# C++ Program to Implement Circular Doubly Linked List

In data structure Link List is a linear collection of data elements. Each element or node of a list is comprising of two items - the data and a reference to the next node. The last node has a reference to null. In a linked list the entry point is called the head of the list.

In Circular Doubly Linked List two consecutive elements are linked or connected by previous and next pointer and the last node points to first node by next pointer and the first node also points to last node by previous pointer.

## Algorithm

Begin
We shall create a class circulardoublylist which have the following functions:
nod *create_node(int) = To memory allocated for node dynamically.
insert_begin() = To Insert elements at beginning of the list.
A) If the list is empty, then insert the node and set next and previous pointer as NULL.
B) If the list is not empty, insert the data and set next and previous pointer and update them.

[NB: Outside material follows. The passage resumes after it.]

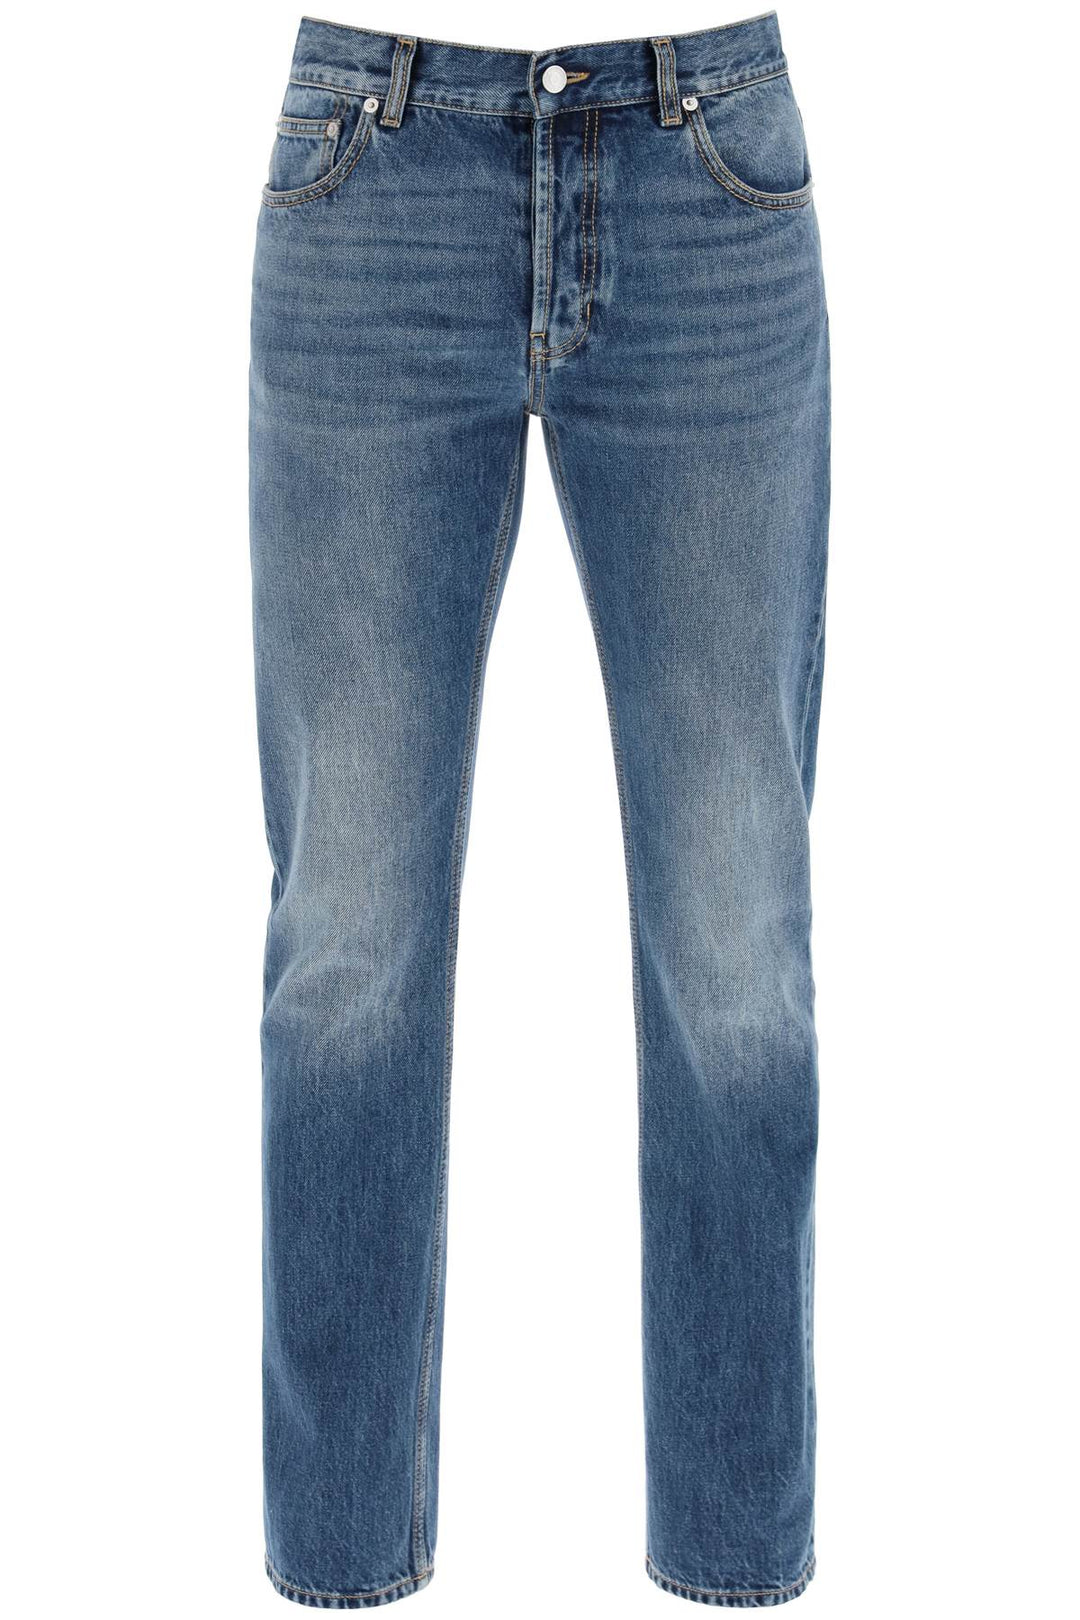 Alexander Mcqueen Straight Leg Jeans With Faux Pocket On The Back.   Blue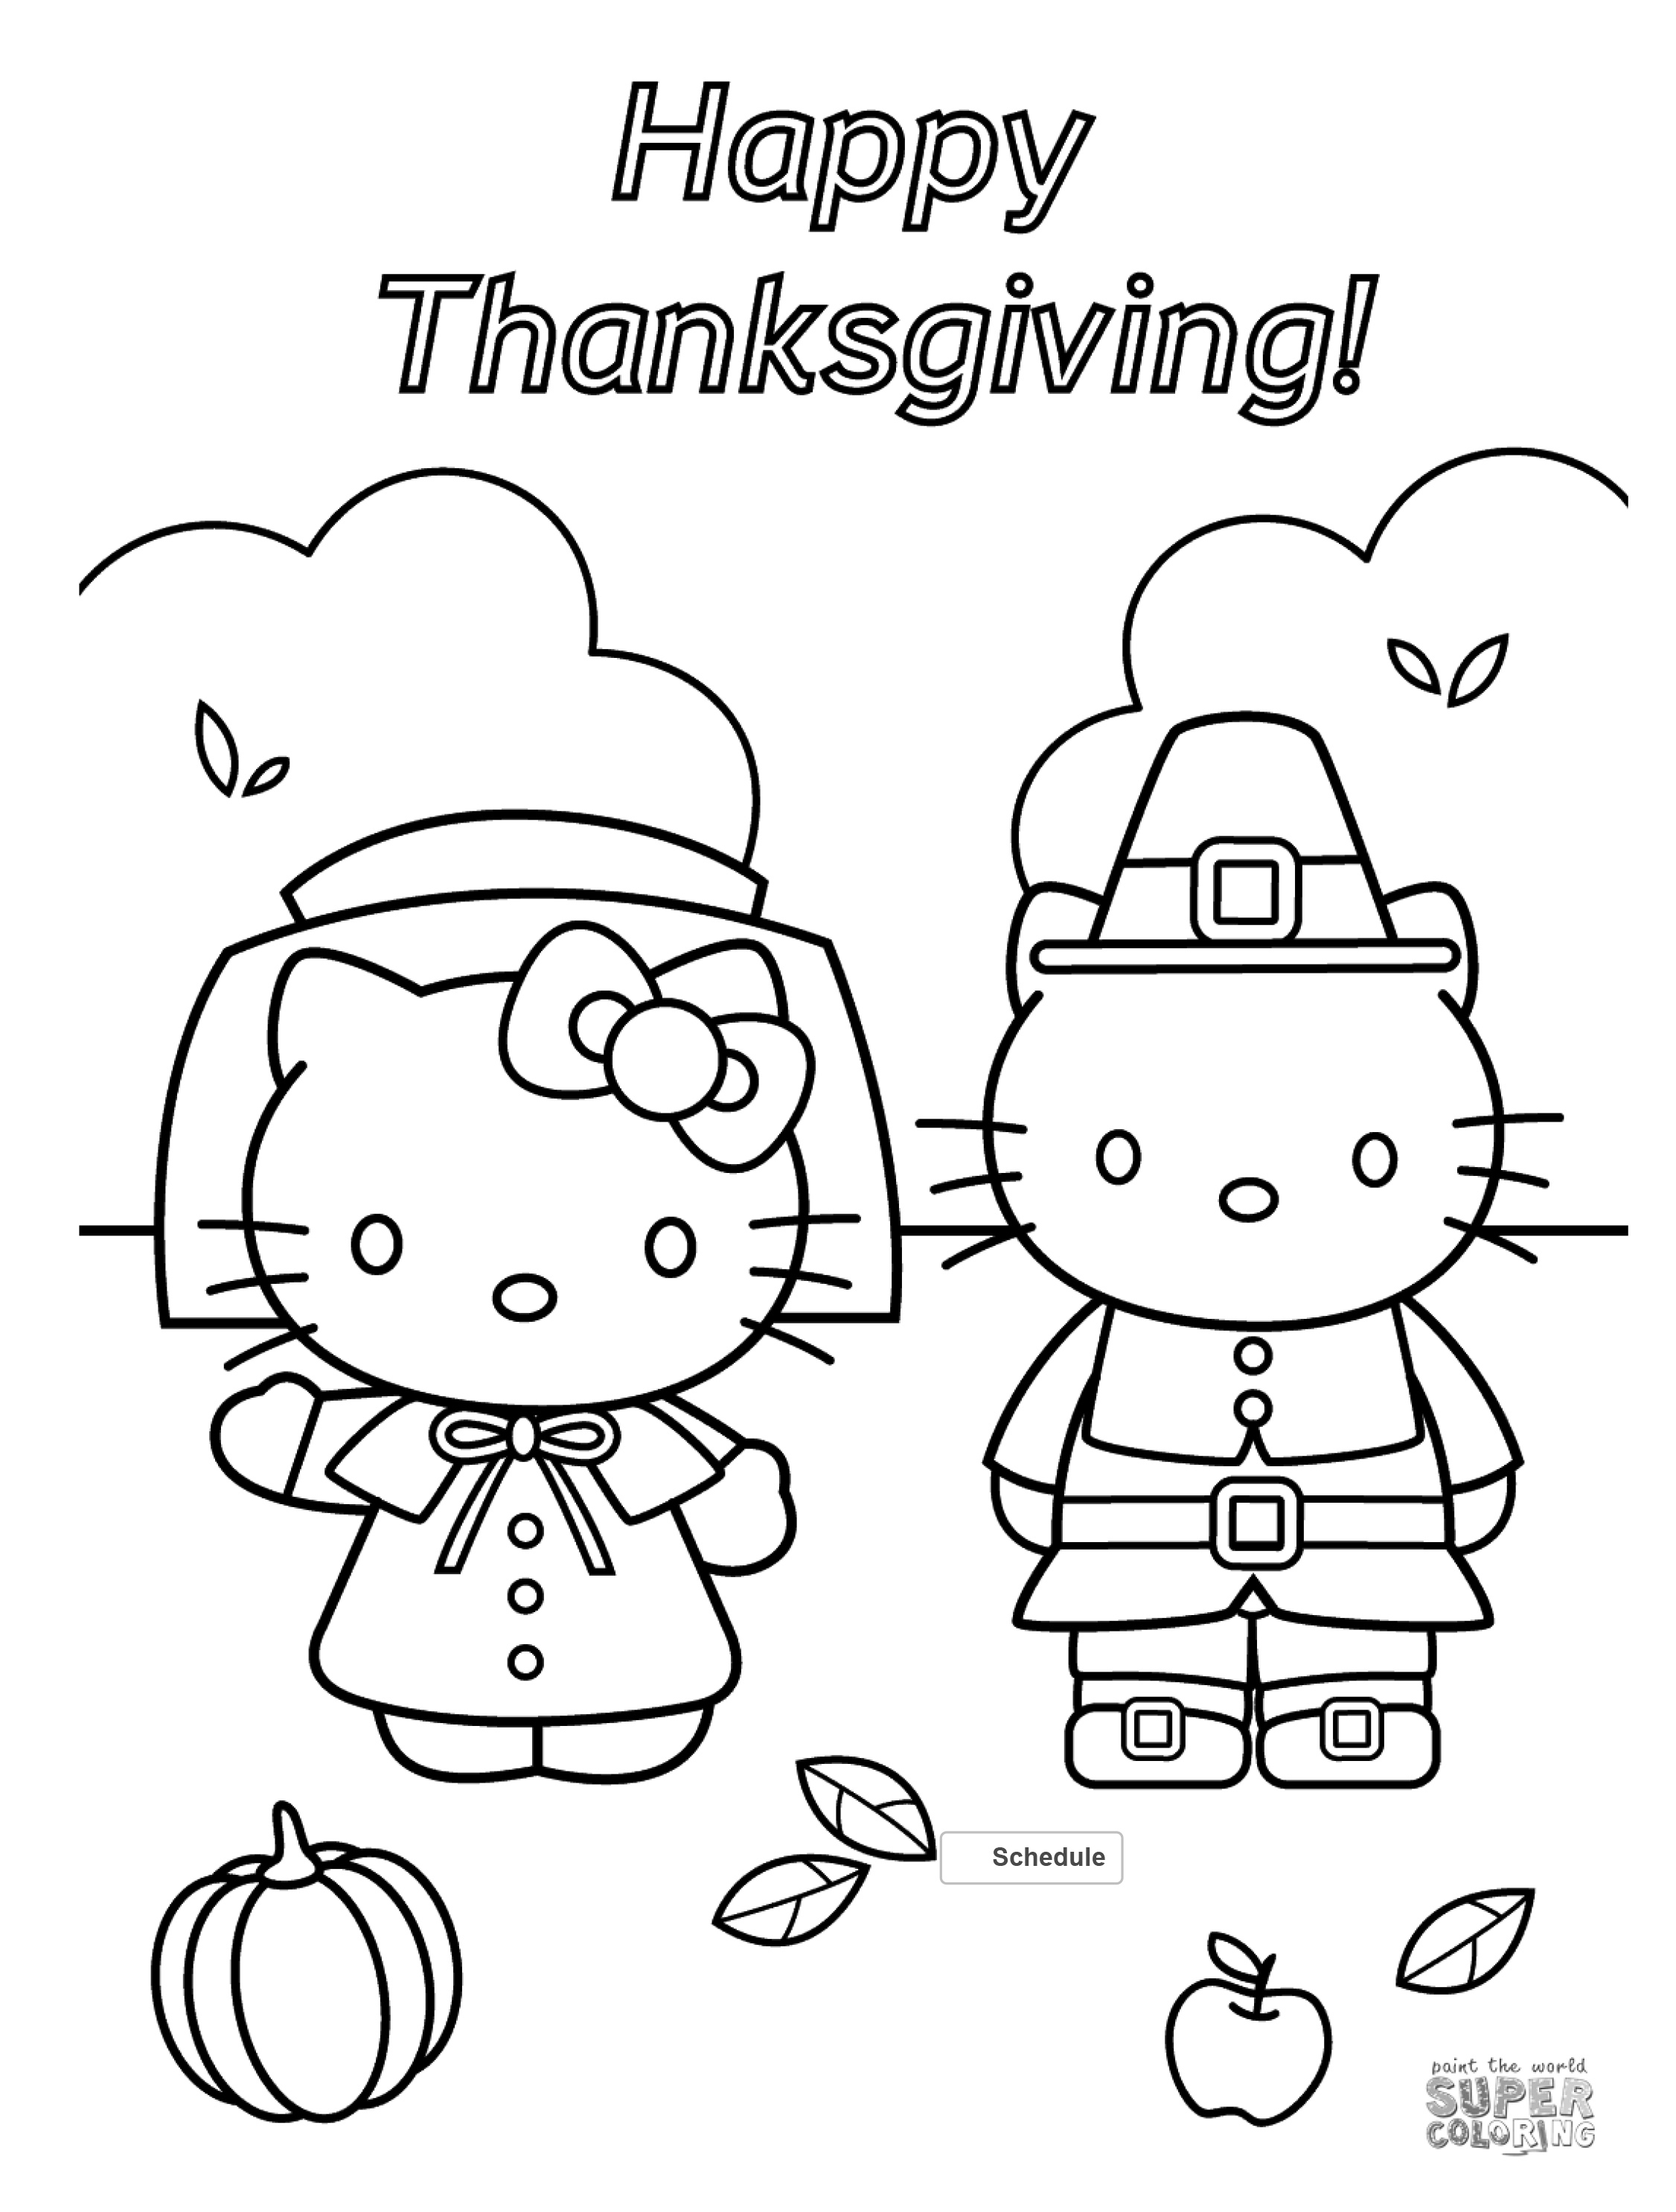 Free Thanksgiving Coloring Pages For Adults &amp;amp; Kids - Happiness Is - Free Printable Thanksgiving Coloring Placemats

insert_end() = To Insert elements at end of the list:
A) If the list is empty create a node as circular doubly list.
B) Find last node.
C) Create node dynamically.
D) Start going to be the next of new node.
E) Make new node as previous node.
F) Make last previous of new node.
G) Make new node next of old last.

insert_pos() = To insert elements at a specified position of the list:
A) Insert the data.
B) Enter the position at which element to be inserted.
C) If the list is empty insert node at first.
D) If list is not empty find node having position and next node.
E) Insert the node between them.

delete_pos() = To delete elements from specified position of the list:
A) If list is empty, then return.
B) Enter the position from which node needs to be deleted.
C) If list has one node delete it and update next and prev pointers.
D) If list has more than one nodes, then delete the node at particular position and update next and prev pointer.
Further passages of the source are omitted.